AI vs. Machine Learning: What do we really mean when we say Artificial Intelligence?

by John Matthews, ExtraHop 28 November 2019

Artificial Intelligence (AI) might be the most popular word in cybersecurity. And why not? A piece of technology that learns and thinks like a human brain, but better. Who wouldn’t want that?

The mere word conjures up images of supercomputers, sentient robots and rogue operating systems. The promises of AI are great and cybersecurity has seized upon the concept with great enthusiasm. However, in an industry where jargon reigns, it can be easy to lose sight of the original meaning of concepts or for them to morph into something larger than what they are. That lack of precision can mean poor security decisions and confusion as to where, and how to deploy security resources.

A survey by CapGemini earlier this year revealed just how much the cybersecurity industry expects of Artificial Intelligence with over 60 percent of respondents proclaiming they cannot “identify critical threats” without AI technology.

While the excitement for AI can’t be understated, the term has suffered from overuse in the fervor and stretched the meaning of the term rather far.

A report from MMC Ventures showed that 40 percent of the European tech startups that claim to be using Artificial Intelligence, in fact are not. The report also found that companies that were listed as such received 15 to 50 percent more funding than those that didn’t, further incentivizing the stretch the meaning of “AI” to impress investors.

Artificial Intelligence has many definitions but a good working definition came from Andrew Moore, the former dean of Carnegie Mellon’s University’s School of Computer Science. Simply – “Artificial Intelligence is the science and engineering of making computers behave in ways that, until recently, we thought required human intelligence.”

Machine Learning on the other hand, offers something more modest. Machine Learning is a computer system that can continually learn from new experiences and take on new data autonomously. From there, it can easily automate a lot of the more mundane tasks in IT and continue to improve upon them without much more input needed from its operator.

In cyber this often expresses itself in vendors telling customers that they’re offering Artificial Intelligence when they’re really offering Machine Learning, a tremendously effective piece of technology but ultimately a constitutive part of an Artificial Intelligence.

The importance of the definition should not be understated. “Machine Learning is a subset of Artificial Intelligence.” There is much confusion in the market when the two terms are conflated or interchanged turning into promises that can’t be delivered upon.

One of the most effective uses of Machine Learning in cybersecurity is in Network Detection and Response (NDR). Machine Learning allows organizations to make better use of their data to monitor their own networks and spot anomalous behavior. In many places, that job is still being done manually by humans who have to pore over thousands of false positive alerts a day – dulling their alertness. Machine Learning enables organizations to reduce false positives by learning baseline behavior to understand what is normal and only alert on what is a real risk. This means that security teams can respond to threats faster and with more certainty.

Many NDR solutions are currently rule- or signature-based. Rule-based systems police their environments by matching observed behavior on the network against known signals of suspicious behavior.

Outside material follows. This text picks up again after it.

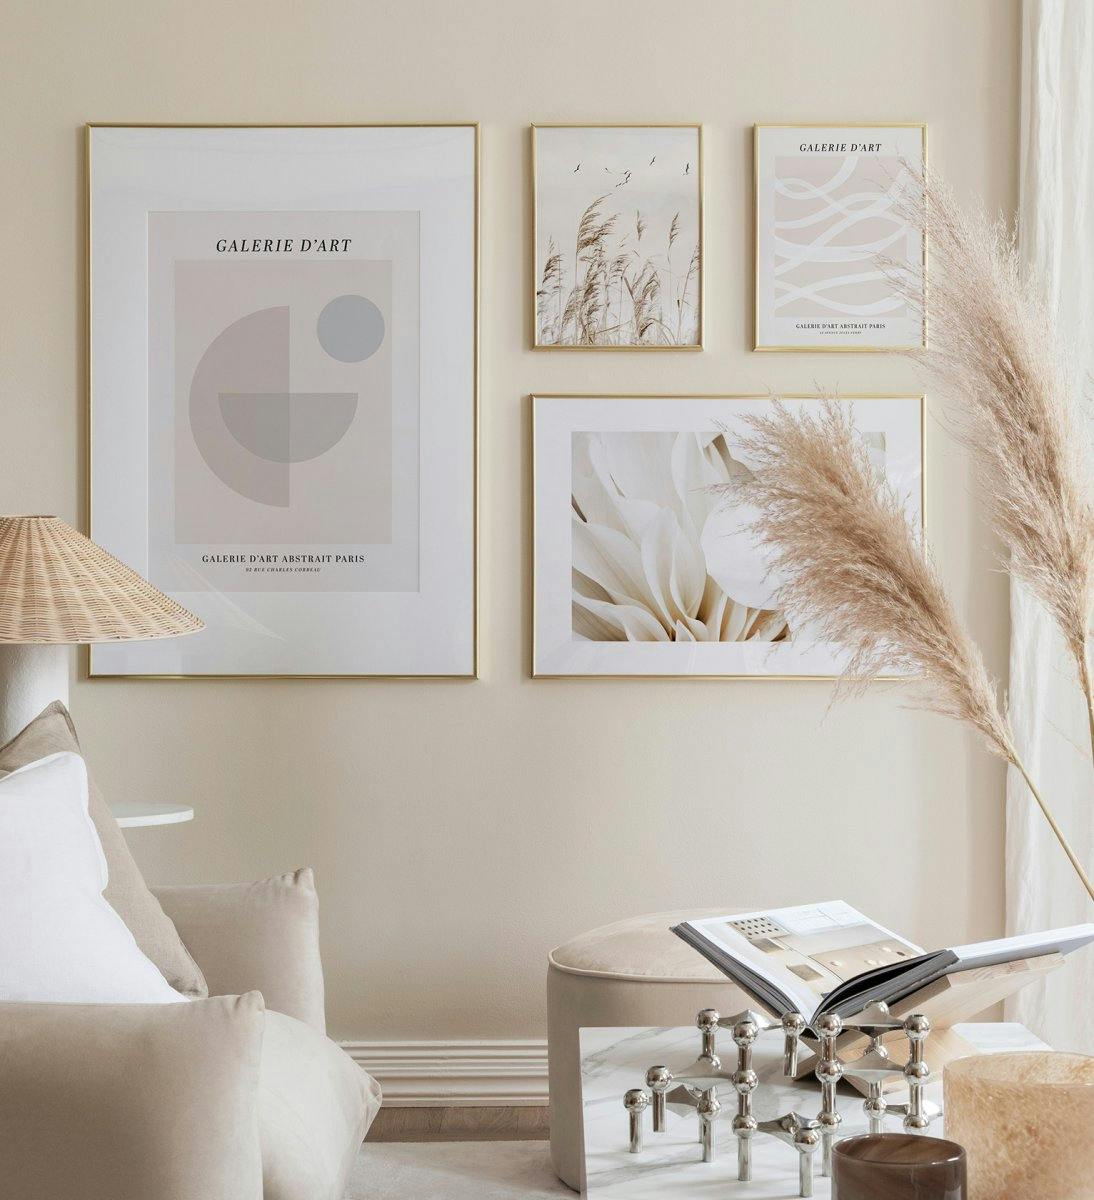 Yksinkertainen ja nykyaikainen tauluseinä beigenä ja valkoisena, kuvitukset ja valokuvat kultakehyksillä olohuoneeseen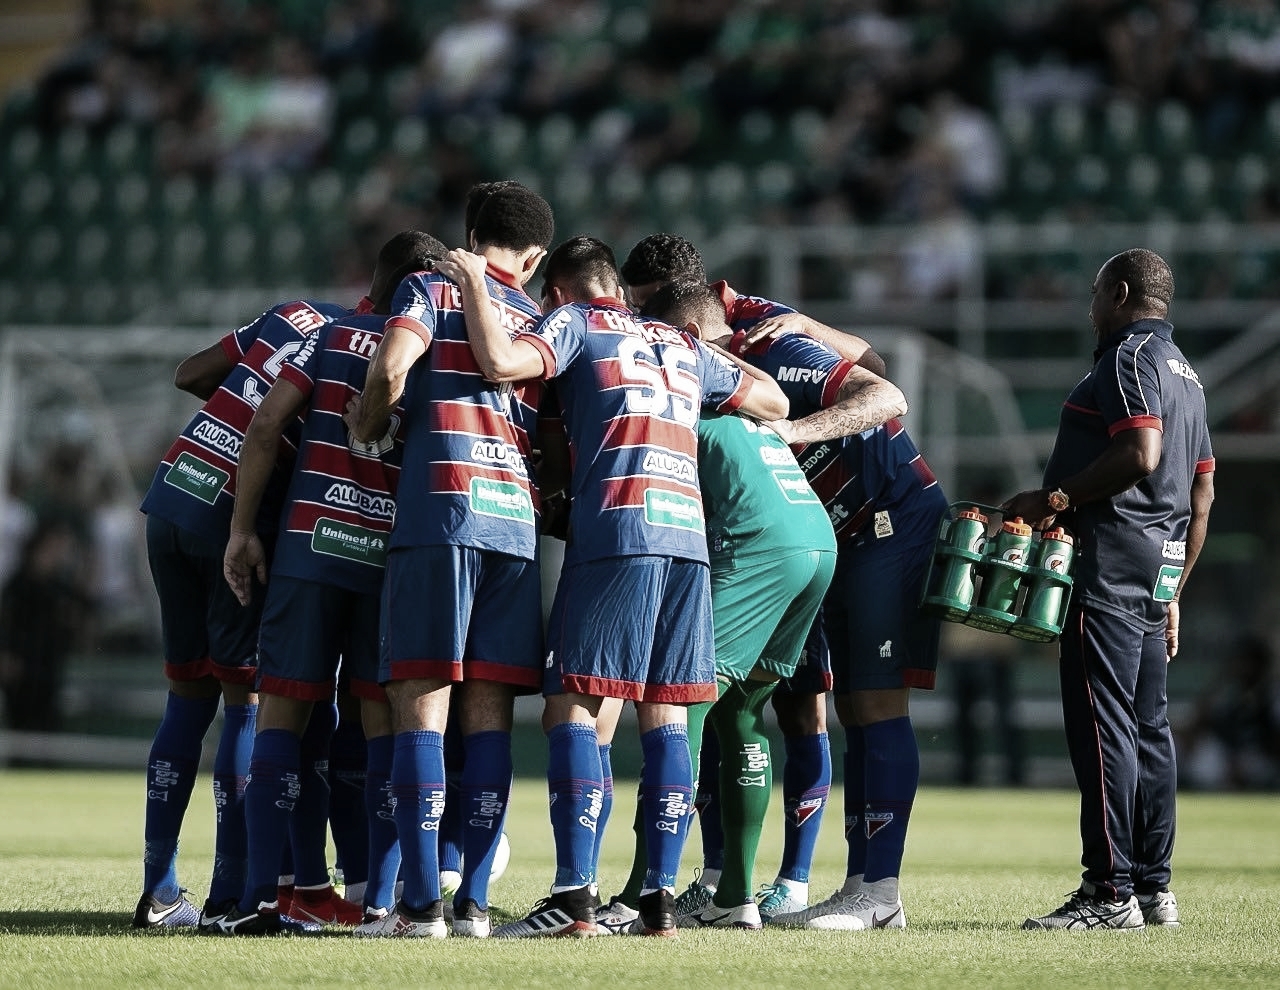 Osvaldo comemora resultado positivo do Fortaleza fora de casa: “Grande vitória”

However, they typically require constant maintenance and updates. They can only respond to threats that have been seen before and incorporated into a current knowledge base, precluding them from detecting new attacks and tactics. Furthermore, rules are fairly simple for attackers to evade. A minor tweak to an existing attack tactic or piece of malware is often enough to make existing rules ineffective against the attack.

Signature-based systems detect malware from a catalogue of known publicly reported signatures using file hashes. But problems still arise when new, unknown malware families arrive on the scene or adversaries merely change signatures. This approach has no hope against modern polymorphic malware.

The problem with both of these approaches lies in an asymmetry between cyber attackers and their victims. Attackers can develop new attack tactics and new malware variants much more quickly than defenders can develop new defenses. Attackers only need one of their attempts to work, whereas defenders need to defend against every existing tactic while always anticipating never-before-seen attacks.

Here’s where Machine Learning’s edge is sharpest. By learning from real-time observed behavior in the environment that needs to be defended, a ML system can improve upon itself much more effectively than a manually updated signature database, and can refine its results over time without human intervention.

An NDR solution with Machine Learning can learn what suspicious behavior looks like in the context of a specific environment, rather than relying on generic known-bad behavior signals and indicators of compromise. Furthermore, it can adapt to new tactics, and better respond to the ever-changing threat landscape.

AI often means whatever people want it to mean. It can be a powerful marketing term, but as more technologies based on this slippery foundation fail to deliver on their promises, the customer’s trust in the term will wane rapidly. Machine Learning can be a powerful arrow in the security operations quiver, but buyers should learn to recognize the telltale signs of AI snake oil, and should verify that any vendor claiming AI or Machine Learning can deliver on the value they promise.


John Matthews is Chief Information Officer at ExtraHop, a company specializing in network traffic analysis tools.